Il velivolo che perde quota e potenza; il passaggio rasente e incontrollato sopra le strade e i tetti di New York; le urla disperate dei passeggeri; gli sms d’addio; l’ultimo messaggio d’amore consegnato alla memoria della scatola nera e infine, inesorabile, lo schianto devastante contro il grattacielo di Manhattan.
E’ con lo svelamento dell’irricomponibile ferita dell’11 settembre che inizia Sully; ultimo film di Clint Eastwood presentato in anteprima nazionale al Torino Film Festival e adesso in programmazione nelle sale italiane.
E’ il 15 gennaio 2009. L’US Airways 1549 partito dall’aeroporto LaGuardia e diretto nel Nord Carolina è appena decollato quando entra in collisione con uno storno di uccelli.
I volatili, risucchiati nelle due fusoliere, mettono fuori uso entrambi i reattori e il comandante Sully-Sullemberger, con il suo assistente Skiles, devono rapidamente trovare una quasi impossibile soluzione per mettere in salvo i 155 passeggeri.
Considerato troppo rischioso rientrare sullo scalo di partenza o virare verso quello più vicino del New Jersey, Sully opta per un ammaraggio di emergenza sul fiume Hudson, improvvisa ed improbabile pista di atterraggio che gli si offre davanti agli occhi.
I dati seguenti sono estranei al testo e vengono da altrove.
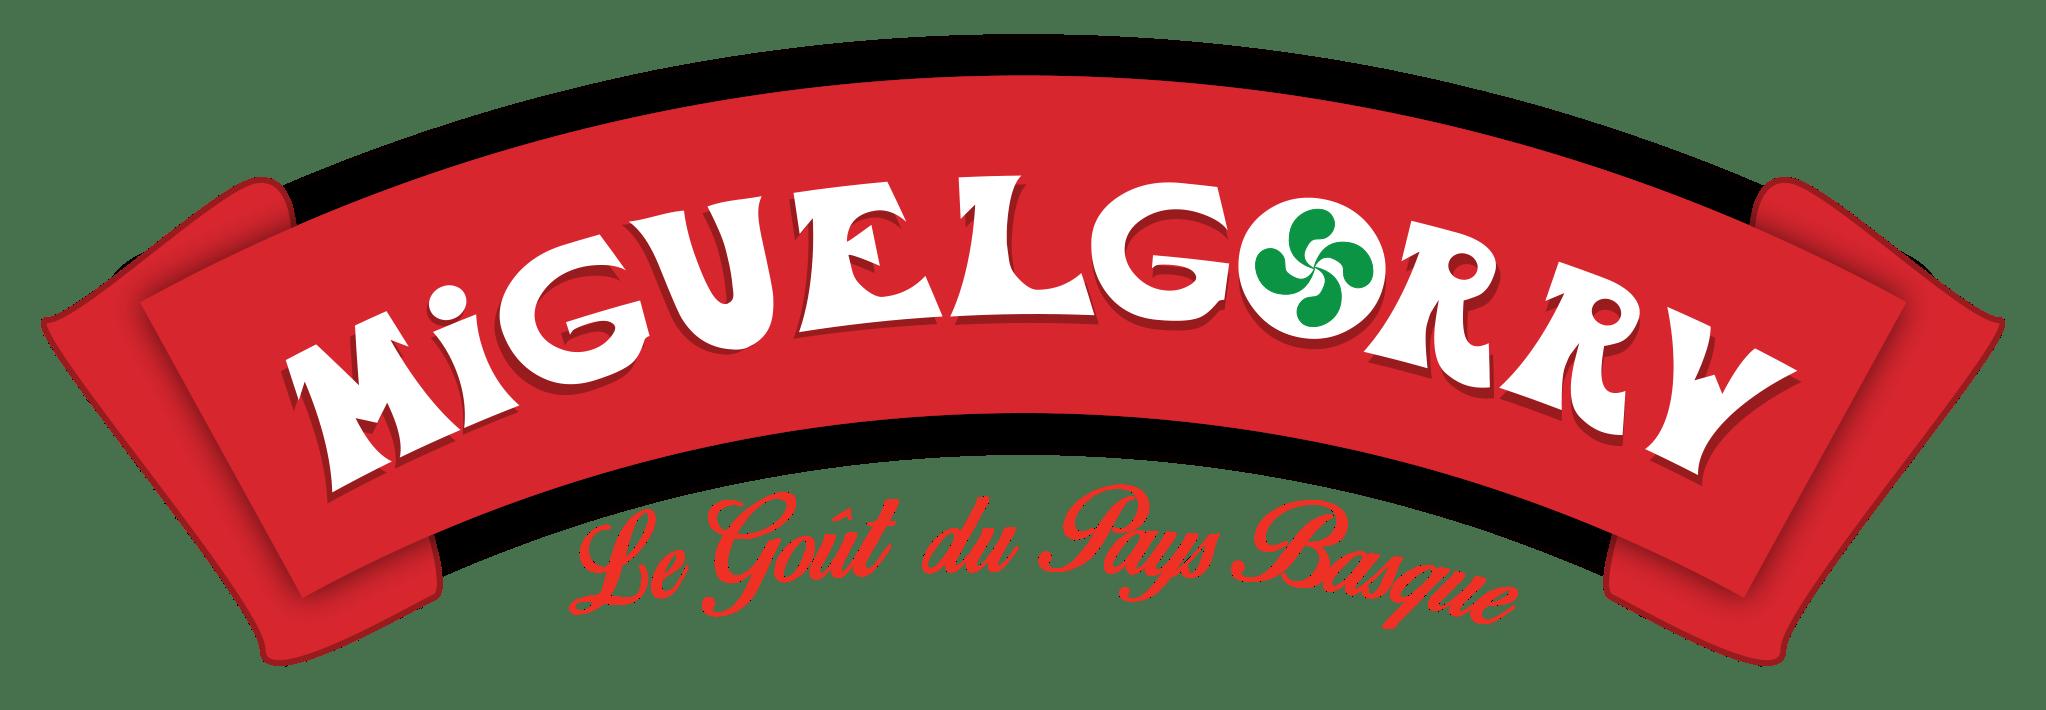 Miguelgorry

E’ una manovra tecnicamente prevista, ma quasi irrimediabilmente condannata ad un esito disastroso. Invece Sully, quarant’anni di volo, molti di pilotaggio nell’aviazione militare, la compie con successo, trasformando lui: uomo comune, nel nuovo eroe americano, conteso dai più seguiti talk show nazionali e corteggiato da sindaci e governatori dello Stato.
A non rendergli omaggio resta solo la Commissione d’Indagine della compagnia aerea che, un po’ per prosaiche convenienze finanziarie, un po’ per un’incrollabile fede nella codificazione delle proprie procedure, non pare disponibile a riconoscergli il merito della scelta.
Per i commissari, a contestare la bontà della decisione di Sully, deporrebbero gli algoritmi predisposti dagli ingegneri e le prove di simulazione realizzate in laboratorio.
Sarà però nella seduta decisiva della Commissione che i rappresentanti della compagnia aerea dovranno riconoscere gli argomenti del comandante Sully, ammettere il loro errore e finalmente rappacificarsi con il resto del paese e, insieme a quello, tributargli gli opportuni onori.
Mai sopito il dolore per la scoperta della propria vulnerabilità e ancora non risolto il conflitto con una tecnologia improvvisamente rivelatasi nemica e possibile arma di distruzione di massa, l’America di Eastwood –in questo “Sully”- prova a ritrovare il proprio orgoglio smarrito nel sigillo di una nuova intesa tra l’uomo della strada, l’establishment grigio ed ottuso e un eroe per caso che nessuno, meglio di Tom Hanks, poteva interpretare.
Certo, è un’America che non vola e che prova –al momento- soltanto a salvarsi.
Ma d’altronde “make America great again” è il sogno di cartapesta regalato da Trump agli statunitensi.
E quello ha tutta l’aria di poter non essere un buon film.